I think the initiative is great. In the long run however what Egypt really need is a garbage collection and street cleaning system that actually works


----------



## DeadGuy (Jan 22, 2010)

Well, people didn't do much about the trash where I live, but they kinda did stop throwing their trash every where! So I'm hoping it would be a start for something good!

However what I did like is the "tips" part, people kinda stopped offering "tips" for "officials" to get what they're entitled to have for free, and the "officials" don't seem to complain about it.......I was looking for some kinda service that I HAD to "Tip" the guy to get or else I would never get it!! But yesterday I got the "Yes Sir please let me see what I can do" from the same guy, then he looked for it, got it, and gave it to me with a genuine face, I gave him its price ONLY, wished him a nice night and left, (No he wasn't smiling, but he wasn't upset that I didn't give him tips either! Good enough for me!).
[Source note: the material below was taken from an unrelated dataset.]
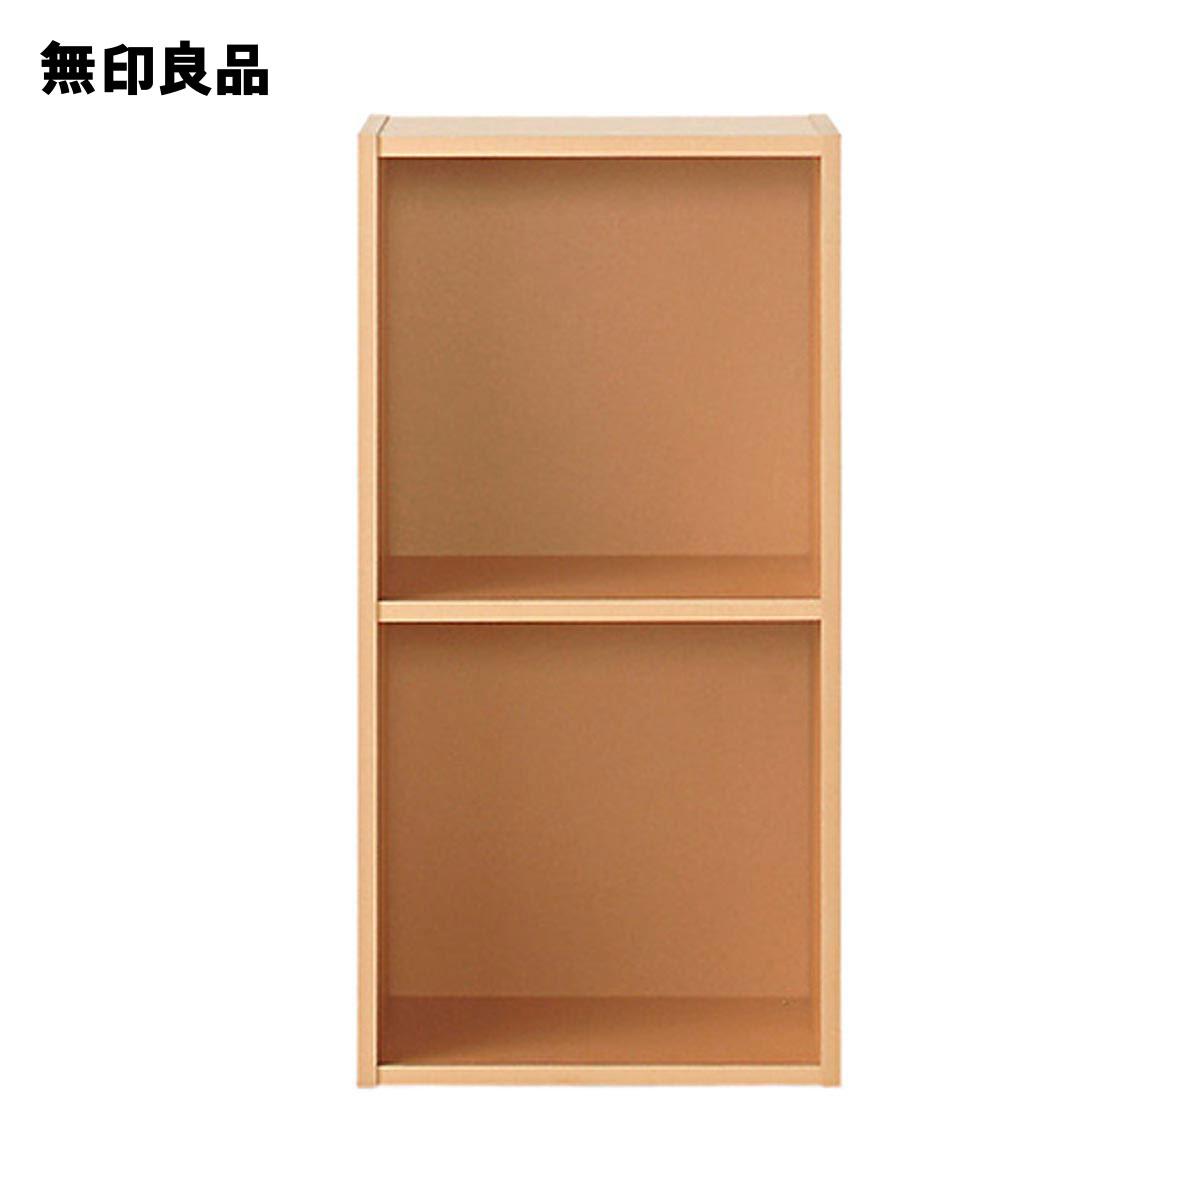 無印良品 パルプボードボックス タテヨコA4サイズ・2段

So that is something to be proud of :clap2:


----------



## MaidenScotland (Jun 6, 2009)

To be honest I am only doing around my building an no where else, I actually don't approve of people doing it as the government should employ people to do it, I know there are road sweepers but they sweep to the end of the road and leave it there! I couldn't use the stairs on the bridge the other week as they were full of rubbish that the road sweepers had thrown.
There is also an alley way that I often use and that is used as a dumping ground by the road sweepers then set alight every month or so.
In the UK there is a landfill tax as spare land is at a premium, there is no need for that here, there must be plenty of places in the desert that they could use for rubbish instead of the back of my street.
Now don't let me get started on cars why all the abandoned cars? Where are the scrap metal merchants?


----------